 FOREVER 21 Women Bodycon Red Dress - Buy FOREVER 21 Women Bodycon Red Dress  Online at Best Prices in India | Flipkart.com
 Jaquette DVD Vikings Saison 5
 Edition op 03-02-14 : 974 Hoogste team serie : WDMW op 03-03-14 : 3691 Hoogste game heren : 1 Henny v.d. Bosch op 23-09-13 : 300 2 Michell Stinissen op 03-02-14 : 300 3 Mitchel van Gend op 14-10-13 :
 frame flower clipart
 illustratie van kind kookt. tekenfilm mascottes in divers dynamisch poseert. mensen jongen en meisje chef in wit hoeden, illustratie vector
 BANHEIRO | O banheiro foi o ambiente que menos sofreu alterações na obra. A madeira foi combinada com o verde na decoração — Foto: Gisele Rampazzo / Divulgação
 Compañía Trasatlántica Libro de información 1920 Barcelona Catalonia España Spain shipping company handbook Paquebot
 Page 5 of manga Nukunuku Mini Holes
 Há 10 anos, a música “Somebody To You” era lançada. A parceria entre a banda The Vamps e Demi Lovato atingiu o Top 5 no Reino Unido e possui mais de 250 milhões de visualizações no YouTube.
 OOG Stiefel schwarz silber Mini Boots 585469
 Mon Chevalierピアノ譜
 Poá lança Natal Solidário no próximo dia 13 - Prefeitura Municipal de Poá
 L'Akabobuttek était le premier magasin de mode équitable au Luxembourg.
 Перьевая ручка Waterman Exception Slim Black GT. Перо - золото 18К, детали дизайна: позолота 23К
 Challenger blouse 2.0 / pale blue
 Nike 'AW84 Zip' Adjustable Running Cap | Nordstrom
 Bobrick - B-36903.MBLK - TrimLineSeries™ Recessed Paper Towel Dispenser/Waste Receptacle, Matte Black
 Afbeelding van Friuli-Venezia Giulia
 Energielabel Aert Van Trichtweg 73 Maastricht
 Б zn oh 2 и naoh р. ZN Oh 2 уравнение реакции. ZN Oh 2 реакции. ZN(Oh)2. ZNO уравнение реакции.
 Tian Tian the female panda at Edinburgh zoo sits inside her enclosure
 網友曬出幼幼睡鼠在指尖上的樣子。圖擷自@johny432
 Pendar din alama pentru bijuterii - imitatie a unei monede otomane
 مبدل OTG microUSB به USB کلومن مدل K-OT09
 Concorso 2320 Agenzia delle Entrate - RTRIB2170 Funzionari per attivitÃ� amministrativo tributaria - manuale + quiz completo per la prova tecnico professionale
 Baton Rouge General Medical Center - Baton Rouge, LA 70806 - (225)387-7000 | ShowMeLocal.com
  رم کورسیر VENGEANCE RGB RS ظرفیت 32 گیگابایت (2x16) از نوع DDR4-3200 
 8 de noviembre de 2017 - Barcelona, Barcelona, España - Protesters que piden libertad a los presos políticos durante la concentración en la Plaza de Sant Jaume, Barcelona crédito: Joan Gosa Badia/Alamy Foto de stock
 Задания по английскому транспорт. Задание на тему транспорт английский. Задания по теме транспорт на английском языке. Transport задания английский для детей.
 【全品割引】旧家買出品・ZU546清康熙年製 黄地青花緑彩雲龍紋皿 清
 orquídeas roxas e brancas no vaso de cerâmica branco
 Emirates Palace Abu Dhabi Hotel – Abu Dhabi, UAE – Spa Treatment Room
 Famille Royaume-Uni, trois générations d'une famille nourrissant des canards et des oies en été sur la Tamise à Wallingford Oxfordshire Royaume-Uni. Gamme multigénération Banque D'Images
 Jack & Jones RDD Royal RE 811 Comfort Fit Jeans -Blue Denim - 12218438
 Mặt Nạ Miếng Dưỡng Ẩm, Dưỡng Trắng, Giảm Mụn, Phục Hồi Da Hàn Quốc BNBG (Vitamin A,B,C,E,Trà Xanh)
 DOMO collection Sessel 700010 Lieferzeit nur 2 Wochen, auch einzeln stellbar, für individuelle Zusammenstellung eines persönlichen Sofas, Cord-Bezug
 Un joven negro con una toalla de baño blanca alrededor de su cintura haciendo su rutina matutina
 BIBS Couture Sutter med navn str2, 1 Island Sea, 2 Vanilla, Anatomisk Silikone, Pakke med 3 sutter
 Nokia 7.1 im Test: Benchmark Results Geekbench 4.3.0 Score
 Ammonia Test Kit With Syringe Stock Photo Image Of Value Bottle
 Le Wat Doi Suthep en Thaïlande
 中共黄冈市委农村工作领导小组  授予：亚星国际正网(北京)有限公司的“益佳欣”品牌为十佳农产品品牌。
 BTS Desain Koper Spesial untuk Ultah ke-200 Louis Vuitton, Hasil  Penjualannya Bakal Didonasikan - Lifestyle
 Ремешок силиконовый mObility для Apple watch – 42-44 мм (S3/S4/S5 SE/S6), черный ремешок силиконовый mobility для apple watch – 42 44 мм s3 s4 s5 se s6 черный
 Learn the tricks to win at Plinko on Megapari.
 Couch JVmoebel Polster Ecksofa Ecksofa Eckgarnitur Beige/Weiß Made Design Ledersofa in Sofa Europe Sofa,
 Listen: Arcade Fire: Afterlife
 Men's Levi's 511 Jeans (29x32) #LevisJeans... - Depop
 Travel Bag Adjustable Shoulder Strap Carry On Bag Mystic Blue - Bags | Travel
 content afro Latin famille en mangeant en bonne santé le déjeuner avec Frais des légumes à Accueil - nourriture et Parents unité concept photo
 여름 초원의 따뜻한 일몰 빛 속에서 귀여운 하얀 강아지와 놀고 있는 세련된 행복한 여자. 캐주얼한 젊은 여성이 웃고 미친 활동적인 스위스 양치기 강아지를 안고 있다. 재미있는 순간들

* * * * * * *

> _Problem_: Using the records given above, list every line that includes the word "España".

> _Response to this exercise_:
 Compañía Trasatlántica Libro de información 1920 Barcelona Catalonia España Spain shipping company handbook Paquebot
 8 de noviembre de 2017 - Barcelona, Barcelona, España - Protesters que piden libertad a los presos políticos durante la concentración en la Plaza de Sant Jaume, Barcelona crédito: Joan Gosa Badia/Alamy Foto de stock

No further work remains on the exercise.